Kostis Palamas (;  – 27 February 1943) was a Greek poet who wrote the words to the Olympic Hymn. He was a central figure of the Greek literary generation of the 1880s and one of the cofounders of the so-called New Athenian School (or Palamian School, or Second Athenian School) along with Georgios Drosinis and Ioannis Polemis.

Biography
Born in Patras, in the same house as born the Italian novelist Matilde Serao, he received his primary and secondary education in Mesolonghi. In 1877 he enrolled at the School of Law, Economics and Political Sciences of the University of Athens, but he soon abandoned his studies. In the 1880s, he worked as a journalist. He published his first collection of verses, Songs of My Fatherland, in 1886.

He was nominated for the Nobel Prize for Literature on 14 occasions, but never received it.

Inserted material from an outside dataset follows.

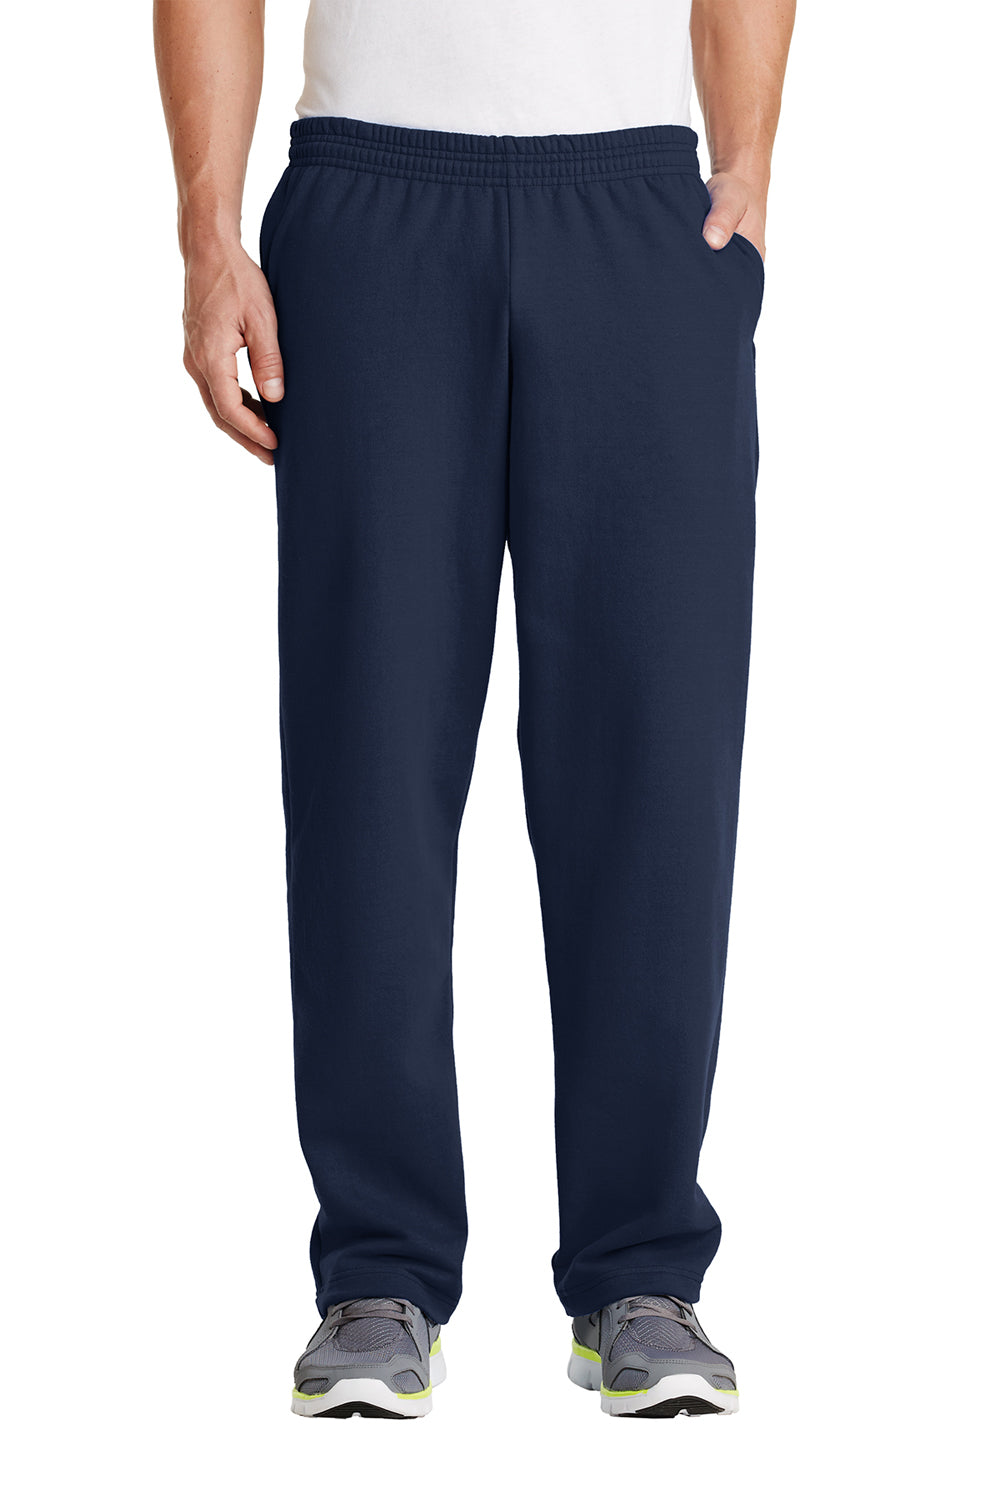 Port & Company PC78P Mens Core Fleece Open Bottom Sweatpants w/ Pockets Navy Blue Front

He held an administrative post at the University of Athens between 1897 and 1926, and died during the German occupation of Greece in World War II. His funeral was a major event of the Greek resistance: the funerary poem composed and recited by fellow poet Angelos Sikelianos roused the mourners and culminated in a demonstration of 100,000 people against Nazi occupation.

Work
Palamas wrote the lyrics to the Olympic Hymn, composed by Spyridon Samaras. It was first performed at the 1896 Summer Olympics, the first modern Olympic Games.  The Hymn was then shelved as each host city from then until the 1960 Winter Olympics commissioned an original piece for its celebration of the Games, but the version by Samaras and Palamas was declared the official Olympic Anthem in 1958 and has been performed at each celebration of the Games since the 1960 Winter Olympics.

Honors
The old administration building of the University of Athens, in central Athens, where his office was located, is now dedicated to him as the "Kostis Palamas Building" and houses the "Greek Theater Museum", as well as many temporary exhibitions.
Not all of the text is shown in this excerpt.